Croatian Coming-of-Age Drama Murina Languishes Amid Aquamarine Landscape

Murina, the directorial debut of Croatian director Antoneta Alamat Kusijanovic, is completely saturated by the intoxicating turquoise hue of the Adriatic Sea. Of course, the film’s idyllic island setting serves to contrast intense personal tumult experienced by its characters. Touted as a sun-soaked coming-of-age noir with a distinctly feminist slant, Murina’s superficial allure is unfortunately undercut by its flimsy, lackadaisical script. It plays into the banal trope that equates abused women with prey animals, all the while predicating the protagonist’s happiness on a wealthy man who’s ostensibly come to “rescue” her. Despite this unsavory (and largely uninspired) central narrative, the film features dazzling underwater scenes that are both entrancing and eerie. Having won the Caméra d’Or during the Director’s Fortnight at this year’s Cannes (the festival’s highest award for a first-time filmmaker), Murina certainly displays directorial chops, yet feels far too paltry in its premise to amount to a truly buzzworthy feature debut.

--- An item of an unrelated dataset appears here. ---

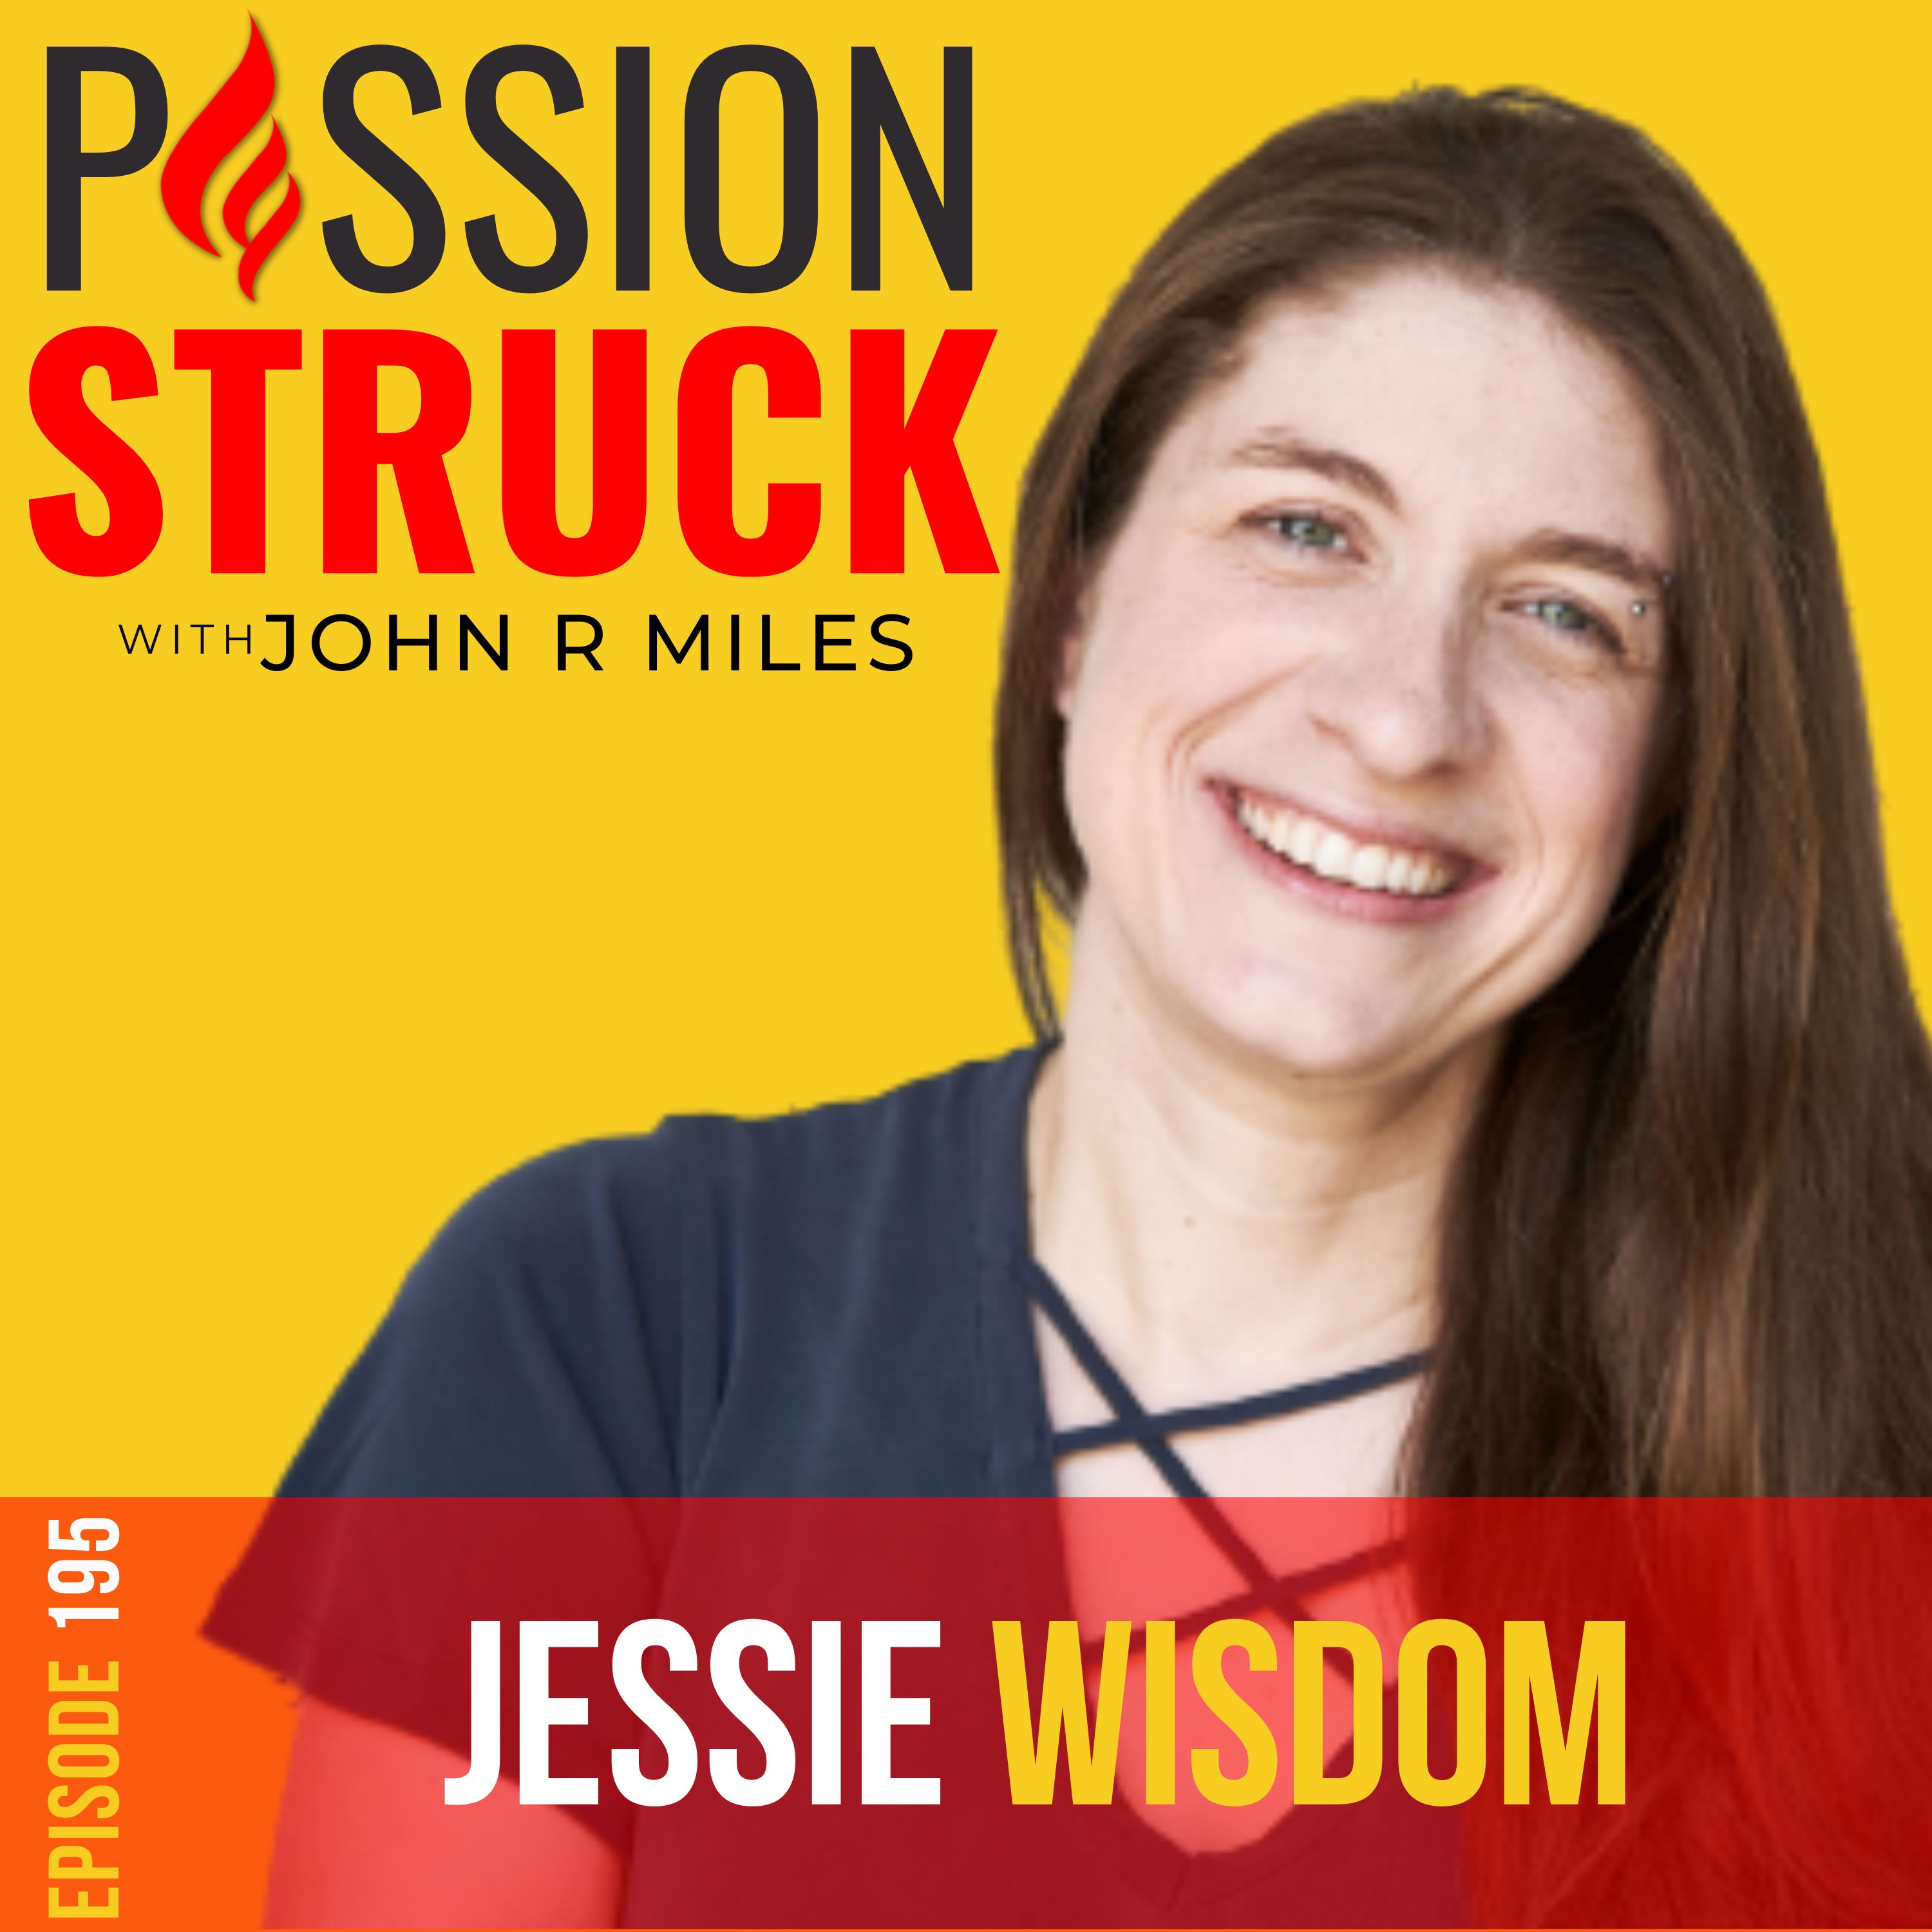 Passion Struck with John R. Miles, EP 195 album cover with Jessie Wisdom

Julija (Gracija Filipovic), 17 years old, spends the grand majority of her days diving for eels with her domineering father Ante (Leon Lucev) off the coast of their Croatian island home. While she’s clearly comfortable in the water, she desperately wishes to flee her specific seaside surroundings. Though the island is frequently populated by young Europeans on holiday, Julija hardly interacts with anyone besides Ante and her mother Nela (Danica Curcic). Her parents’ polarized personalities—one a blaring tyrant, the other his acquiescent abettor—confine Julija to an existence of constant patriarchal servitude. However, with the sudden arrival of wealthy foreigner Javier (Cliff Curtis) to their small island abode, Julija eyes emancipation for the first time in her life. Having once been Ante’s employer and Nela’s lover, Javier’s presence heightens the already intense family dynamic. Ante becomes more verbally and visibly cruel toward Julija, while Nela entertains the idea of rekindling the flame she once shared with Javier. Upset by Ante’s treatment of his daughter and still plainly enamored with Nela, Javier just might be Julija’s unlikely ticket off of the island for good—but first, she must aid her family in convincing the successful resort mogul to buy their property to build his newest hotel.
The intimate cast serves as a dual boon and detriment to Murina. On the one hand, the lack of extraneous characters allows the shimmering Adriatic Sea to take center stage. However, the aquamarine seascape proves far more compelling than the tenuous relationships that propel the film’s plot. Ante is cartoonishly brutish, Nela’s very personhood is paper-thin and Javier’s insipid kindness feels at odds with his brand of land-grabbing capitalism. Julija is, unsurprisingly, the most fleshed-out character—but even her justified teenage ennui feels suspiciously hollow. Who does Julija strive to be? What does she yearn for? Aside from scuba diving and escaping the island with Javier, the audience gets virtually no glimpse into her broader desires and motivations.